### [How to complete this task]
Up to and including the line with "Collezione di elementi", return every line from the start of the entries below exactly.

### [Data supplied]
·····

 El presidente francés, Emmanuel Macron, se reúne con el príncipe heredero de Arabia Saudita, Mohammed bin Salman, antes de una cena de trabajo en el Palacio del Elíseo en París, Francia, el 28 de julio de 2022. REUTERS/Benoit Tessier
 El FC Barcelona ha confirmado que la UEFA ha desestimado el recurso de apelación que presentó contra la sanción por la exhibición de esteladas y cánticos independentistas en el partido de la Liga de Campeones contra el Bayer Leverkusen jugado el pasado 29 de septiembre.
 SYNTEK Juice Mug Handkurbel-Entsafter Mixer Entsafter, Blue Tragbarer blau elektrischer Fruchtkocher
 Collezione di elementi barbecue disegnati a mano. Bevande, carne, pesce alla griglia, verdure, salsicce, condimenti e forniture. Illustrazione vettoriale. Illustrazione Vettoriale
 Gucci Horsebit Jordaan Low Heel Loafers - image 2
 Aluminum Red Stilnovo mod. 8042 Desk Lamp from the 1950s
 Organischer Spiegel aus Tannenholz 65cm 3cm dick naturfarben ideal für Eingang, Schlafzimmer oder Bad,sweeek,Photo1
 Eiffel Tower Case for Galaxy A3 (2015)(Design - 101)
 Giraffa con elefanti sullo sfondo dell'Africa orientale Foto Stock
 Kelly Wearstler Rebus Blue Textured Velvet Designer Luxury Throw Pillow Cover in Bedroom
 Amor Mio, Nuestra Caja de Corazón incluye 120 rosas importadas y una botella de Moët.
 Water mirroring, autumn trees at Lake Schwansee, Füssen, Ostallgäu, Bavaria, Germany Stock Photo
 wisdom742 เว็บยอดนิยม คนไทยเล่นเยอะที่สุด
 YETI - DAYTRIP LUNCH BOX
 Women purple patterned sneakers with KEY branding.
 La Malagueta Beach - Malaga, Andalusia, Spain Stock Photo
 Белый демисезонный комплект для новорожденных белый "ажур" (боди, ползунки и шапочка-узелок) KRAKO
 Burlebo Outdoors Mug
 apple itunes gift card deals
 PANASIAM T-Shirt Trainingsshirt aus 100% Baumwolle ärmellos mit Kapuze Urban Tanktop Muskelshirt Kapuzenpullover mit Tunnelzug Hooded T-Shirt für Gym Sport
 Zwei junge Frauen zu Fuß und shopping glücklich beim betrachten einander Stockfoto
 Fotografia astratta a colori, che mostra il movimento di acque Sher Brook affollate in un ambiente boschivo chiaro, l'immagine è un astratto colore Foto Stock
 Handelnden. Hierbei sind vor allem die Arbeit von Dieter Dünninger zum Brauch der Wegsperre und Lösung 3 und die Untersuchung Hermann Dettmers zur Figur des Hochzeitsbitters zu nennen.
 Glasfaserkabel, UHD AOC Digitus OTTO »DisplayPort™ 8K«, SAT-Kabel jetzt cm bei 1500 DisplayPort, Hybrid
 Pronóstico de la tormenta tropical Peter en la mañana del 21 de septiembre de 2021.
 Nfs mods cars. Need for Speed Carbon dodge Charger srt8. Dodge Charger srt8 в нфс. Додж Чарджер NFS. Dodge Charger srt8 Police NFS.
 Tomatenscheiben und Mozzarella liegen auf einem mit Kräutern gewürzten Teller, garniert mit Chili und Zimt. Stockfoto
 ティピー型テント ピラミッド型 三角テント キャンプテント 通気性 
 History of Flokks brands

·····

### [Exercise output]
 El presidente francés, Emmanuel Macron, se reúne con el príncipe heredero de Arabia Saudita, Mohammed bin Salman, antes de una cena de trabajo en el Palacio del Elíseo en París, Francia, el 28 de julio de 2022. REUTERS/Benoit Tessier
 El FC Barcelona ha confirmado que la UEFA ha desestimado el recurso de apelación que presentó contra la sanción por la exhibición de esteladas y cánticos independentistas en el partido de la Liga de Campeones contra el Bayer Leverkusen jugado el pasado 29 de septiembre.
 SYNTEK Juice Mug Handkurbel-Entsafter Mixer Entsafter, Blue Tragbarer blau elektrischer Fruchtkocher
 Collezione di elementi barbecue disegnati a mano. Bevande, carne, pesce alla griglia, verdure, salsicce, condimenti e forniture. Illustrazione vettoriale. Illustrazione Vettoriale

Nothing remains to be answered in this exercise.